As far as we’re concerned, asking why the producers of Friday the 13th keep remaking their movie is like asking why McDonald’s keeps remaking Big Macs—they taste great, and we keep getting hungry. But if you remain unconvinced that the universe needs yet another flick about the world’s unhappiest summer camper, here are 10 reasons to persuade you:
10 Jason would like an opportunity to show today’s moviegoers that he really is scarier than Christian Bale.
9 The closest thing to a hip, iTunes-ready rock song on the original soundtrack features more banjos than guitars.
8 Recently introduced ultralightweight titanium camping spork from REI means there’s one sharp object on the planet Jason has yet to kill someone with.
- Review: Friday the 13th
7 Today’s sex-crazed, pot-smoking teens find little to relate to when watching the sex-crazed, pot-smoking teens of the 1980s.
6 Global warming gives nubile camp counselors a legitimate reason to wear even skimpier outfits before they get gutted.

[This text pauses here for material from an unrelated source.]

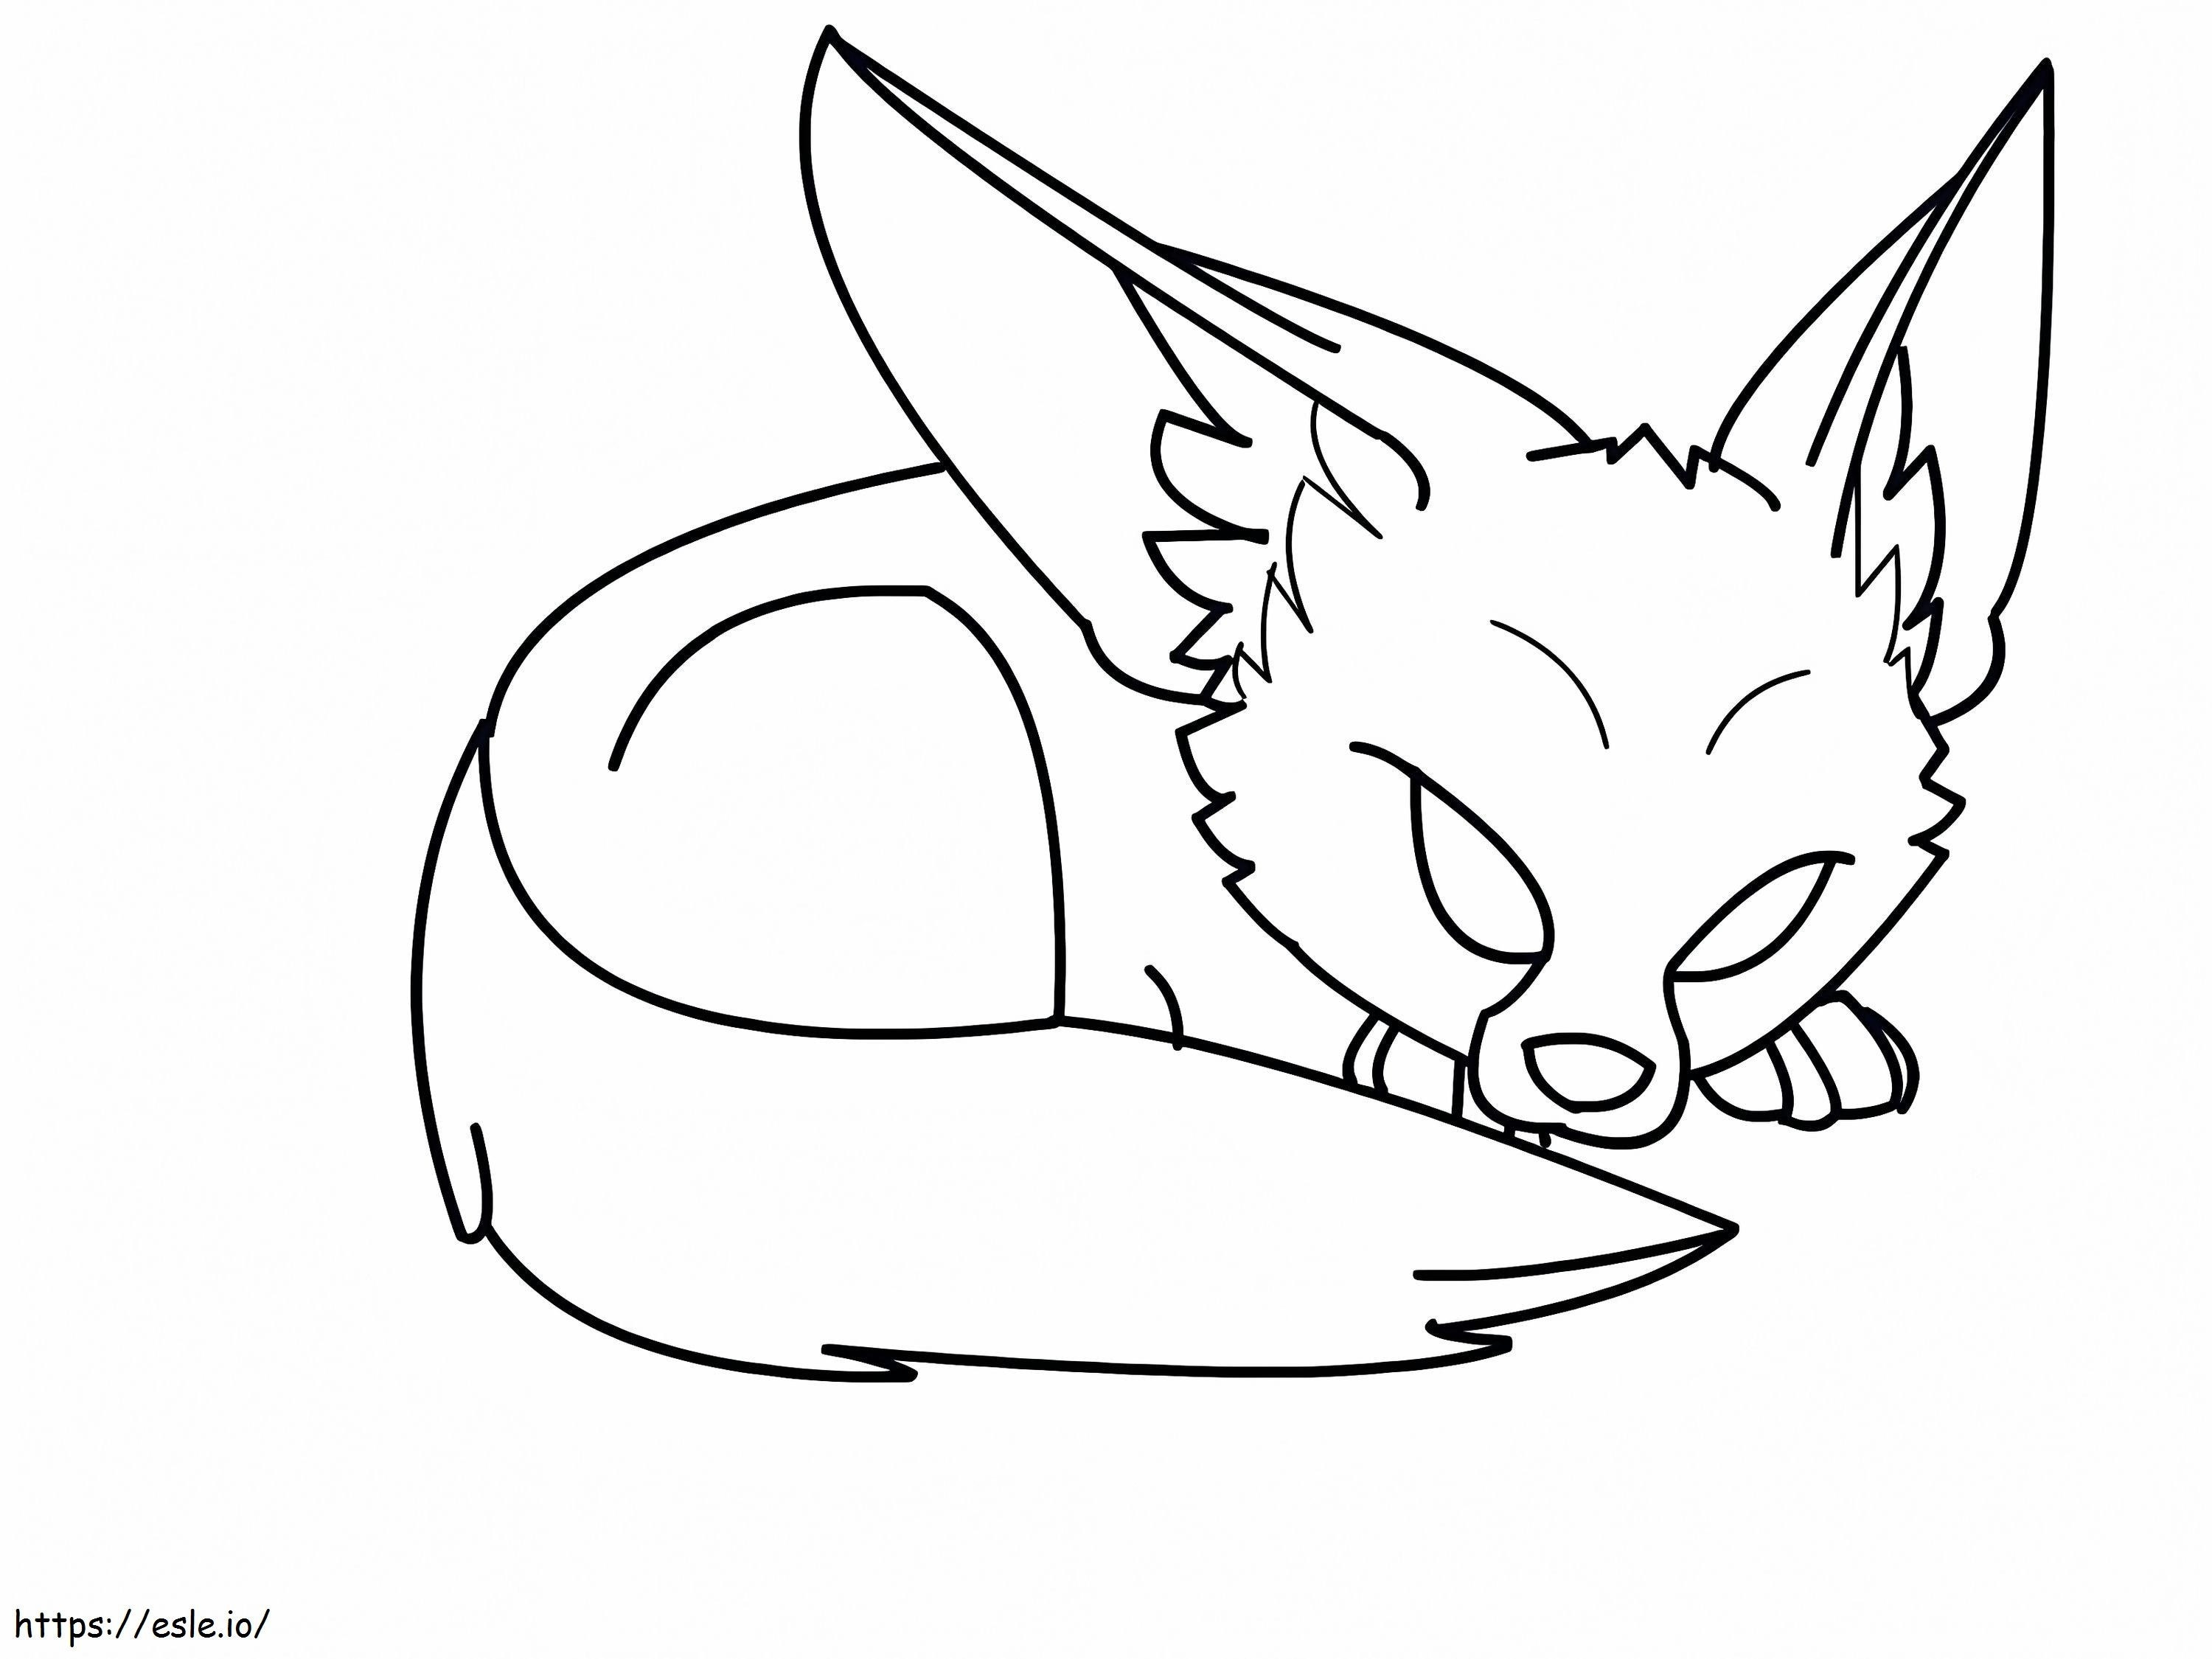 1529112740 Fna4 coloring page

5 State-of-the art carbon graphite hockey masks are lighter and better-ventilated than older models, promoting greater oxygen flow and thus more sustained killing power.
4 Even as a relatively young man, Jason had little tolerance for the antics of noisy, unruly teens unencumbered by adult supervision. Imagine how grumpy he’ll get now that he’s in his 50s.
3 It’s just a little too soon for a remake of Twilight.
2 Still no market for movies about saggy, leathery, sex-crazed, pot-smoking senior citizens getting systematically butchered at a run-down and spooky assisted-living facility.
1 Have you actually watched the original lately? It’s less gory than the average episode of American Idol.